Order - Change or supply an ordering to a record-set view.
Update - Insert or update row(s). Insert is consolidated
into this because one may want to insert if the
record is not there (as an option). This may also
double as a UNION-like clause since our new
approach does not distinquish between a row
and a table.
Schema - Get a column description table.
Note: These may not be the same "primitives"
that Dr. Codd listed, but
they don't have to be the same ones in order to be
considered "relational". These
operations can be built out of the Codd primitives to make them
more natural or comprehendible to a wider audience of people.
It is roughly analogous to making an XOR (exclusive "or")
operation using existing AND, OR, and NOT Boolean operators.
Note that the functional-like syntax
makes it easier to add new operations than most SQL systems
allow, so one is not stuck with these if they don't like them
or the standards change.
I am not sure if the primitives should include things like averaging or not. Averaging is not very common, and can be calculated using temporary work columns. I am also thinking of having something like this instead of GroupSum:
x = Group(origTable, grouping_expression, grouped_text_columns,
summed_columns, averaged_columns, count_columns)
If you are not using one or the other, then
simply give a blank set "[]". (If you are not
using any to the right, then you don't have to
supply all parameters.) Rather than lists of columns, perhaps
the table-of-expressions approach can be used, similar to
the Lookup operation in construction. This would make
it resemble the BS12 (above) approach more.
One final advantage of this approach is that it can closely be
matched in client-side programs where actual functions
return record-set handles. This would allow similar
API's to be used across the board from small client-based
collection operations to large multi-transactional systems.
Performance
Past suggestions to do things similar to this created the criticism that since the SQL approach is generally not defined by a sequence, that there is room for the database engine to optimize the query process for maximum efficiency. In other words, SQL allegedly defines what the result is to be like, and not how to achieve it.
However, the suggested approach also does not necessarily define a strict sequence. As long as the *result* is the same, it does not matter how the database engine goes about performing the request. I suppose there could be a "non-atomic mode" that could be used to inspect intermediate results, but during production a given set of such commands would be assumed atomic.
A typical command resembles:
Y = op(X, R)
This works kind of like a "copy" of X to Y, but with some transformations specified by R, an expression or expression-table. The optimizer might notice that X is not being used for anything else after this operation. (There would be a kind of atomic block unit, similar to the way an SQL statement is considered atomic.) Thus, it can alter X in place internally rather than make an actual copy if it decides that is more efficient.
Whether defining it in such a way provides fewer optimization choices than SQL probably would require detailed expert analysis.

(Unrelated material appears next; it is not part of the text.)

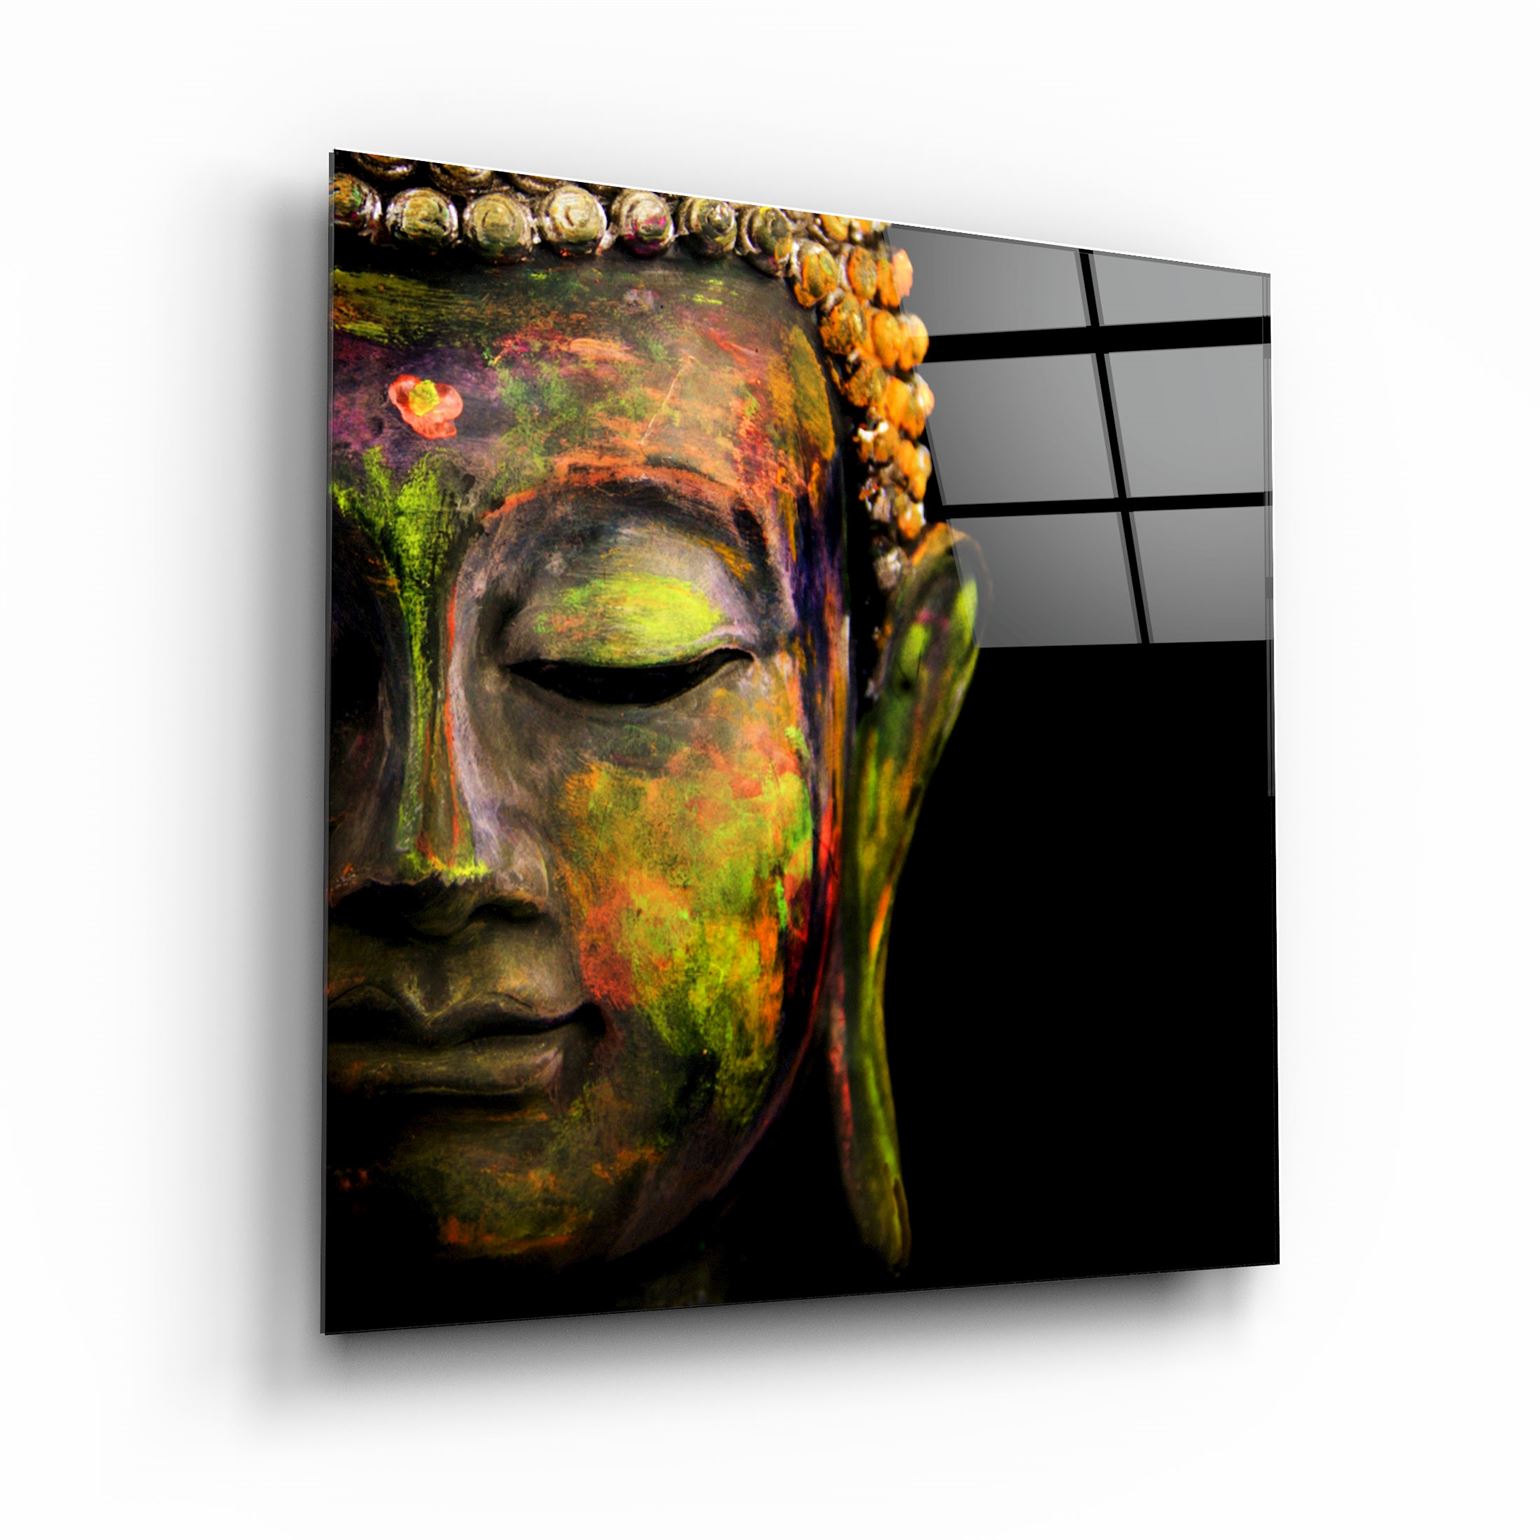 ・"Buddha"・Glass Wall Art

However, it should be clear that some optimization is possible.
It is not really that different from SQL anyhow. SQL tends to be infix, while this approach is more prefix-based. Infix is harder to read for long expressions in my opinion.
SQL pattern:
y a (x b c d) e
Suggested pattern:
T1 = x(b c d)
T2 = y(a, T1, e)
It is true that each operation is more isolated in scope in the suggested pattern. This may limit "wide-reaching" automated optimizations, reducing potential performance improvements. On the other hand, it could make parsing faster because the context is smaller.
Also note that the second pattern offers more opportunity to re-using a given record set since it is reference-based instead of nesting-based. You can reference a given record-set view multiple times, but you generally cannot do such in a typical SQL expression without messy tricks.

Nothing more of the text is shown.